How the Radio became a Mass Medium – The Volksempfänger VE301

Volksempfänger VE301

Volksempfänger VE301

On August 18, 1933, the original Volksempfänger VE 301 was presented at the 10. Große Deutsche Funkausstellung in Berlin. The purpose of the Volksempfänger-program was to make radio reception technology affordable to the general public. Nazi Propagandaminister Joseph Goebbels realized the great propaganda potential of this relatively new medium and thus considered widespread availability of receivers highly important.

The first model, the Volksempfänger VE301 was developed by the company Dr. G. Seibt based in Berlin, Germany. It was presented at the 10. Internationale Funkausstellung Berlin on August 18, 1933. The device’s case was made of Bakelite [3] and it was designed by Walter Maria Kersting. Back then, all larger radio manufacturers had to produce their devices based on the government’s standards and prices. In the beginning of the VE 301 only German and Austrian stations were marked while foreign stations could be received after dark with an external antenna, particularly as stations such as the BBC European service increased transmission power during the course of the war.

The VE 301 became one of the few propaganda projects that was produced in a series, others included the KdF-Wagen, the Einheitsempfänger and the Volkskühlschrank (a fridge). The low price of the VE 301 should ensure anyone to listen to the NS-Propaganda. The name VE 301 was based on the abbreviation for Volksempfänger as well as 301 as a reminder on January 30, 1933 – day day of Adolf Hitler’s rise to power.

Depending on the type, the popular receivers are designed for mains operation with alternating current, direct current or as combined devices, the so-called all-current devices. There were also some variants for battery operation. The popular receiver of the VE301W model was equipped with three tubes. The loudspeaker was a high-impedance cantilever with good efficiency but moderate sound. The people’s receivers are considered typical representatives of the single-circuit receivers from the family of straight-ahead receivers. The popular receivers replaced the simple detector receivers with individual headphone reception, which were still very widespread at the time. Only a few years after the Second World War were most popular receivers replaced by the more powerful superimposed receivers and the emerging low interference VHF radio and later by new transistor devices.

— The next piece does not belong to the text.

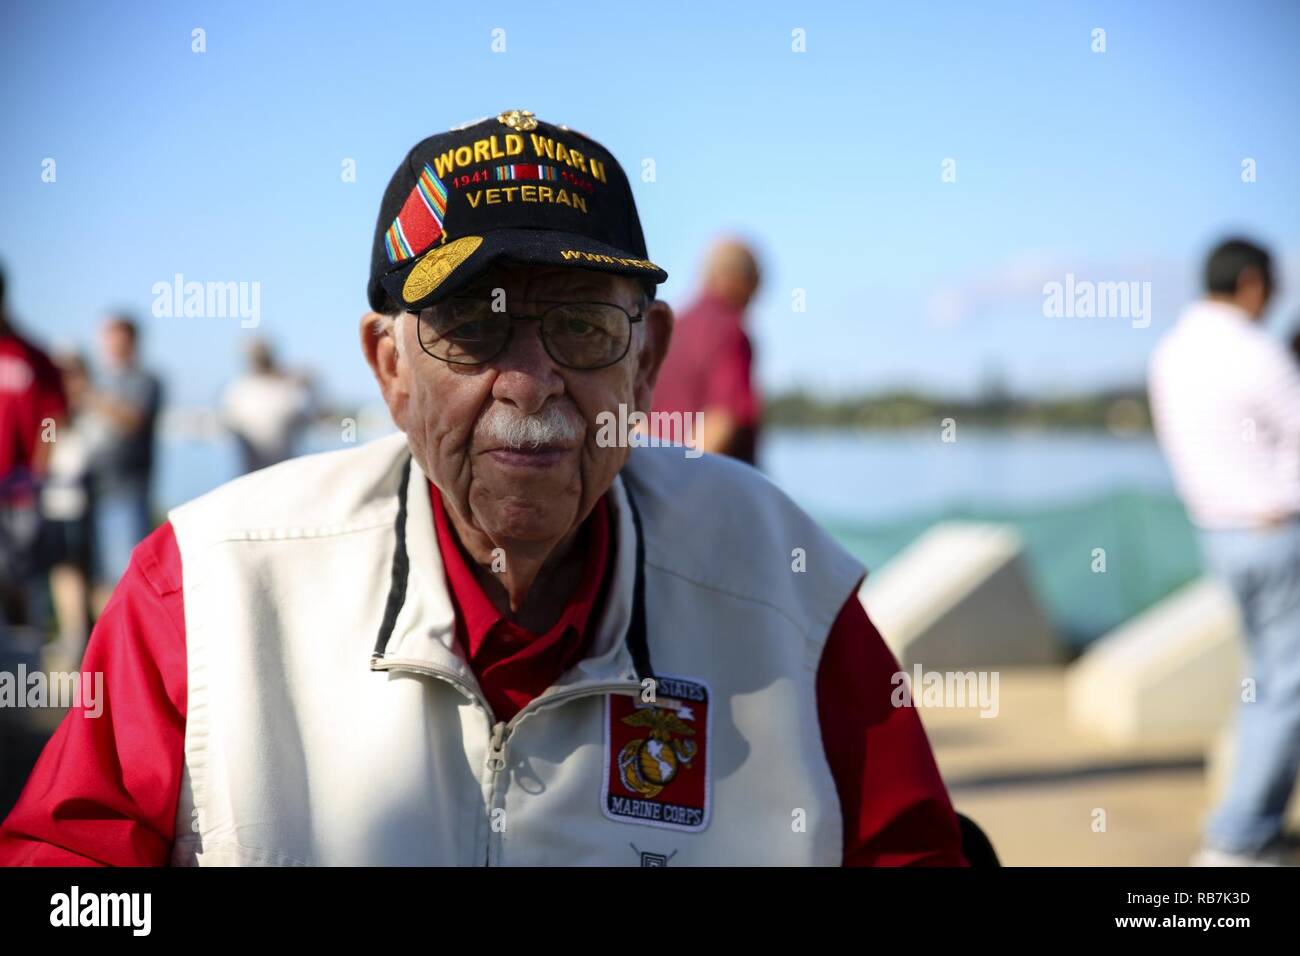 Former U.S. Marine Cpl. Arthur Smith visits the Waterfront Memorial during the Freedom Bell Opening Ceremony and Bell Ringing at USS Bowfin Submarine Museum & Park on Pearl Harbor, Hawaii, Dec. 6, 2016. Smith participated in the invasion of Guam with the 1st Provisional Marine Brigade. Civilians, veterans, and service members came together to remember and pay their respects to those who fought and lost their lives during the attack on Pearl Harbor. Stock Photo

Hitler’s architect and Minister for Armaments and War Production, Albert Speer, said in his final speech at the Nuremberg trials about the Volksempfänger: “Hitler’s dictatorship differed in one fundamental point from all its predecessors in history. His was the first dictatorship in the present period of modern technical development, a dictatorship which made the complete use of all technical means for domination of its own country. Through technical devices like the radio and loudspeaker, 80 million people were deprived of independent thought. It was thereby possible to subject them to the will of one man“.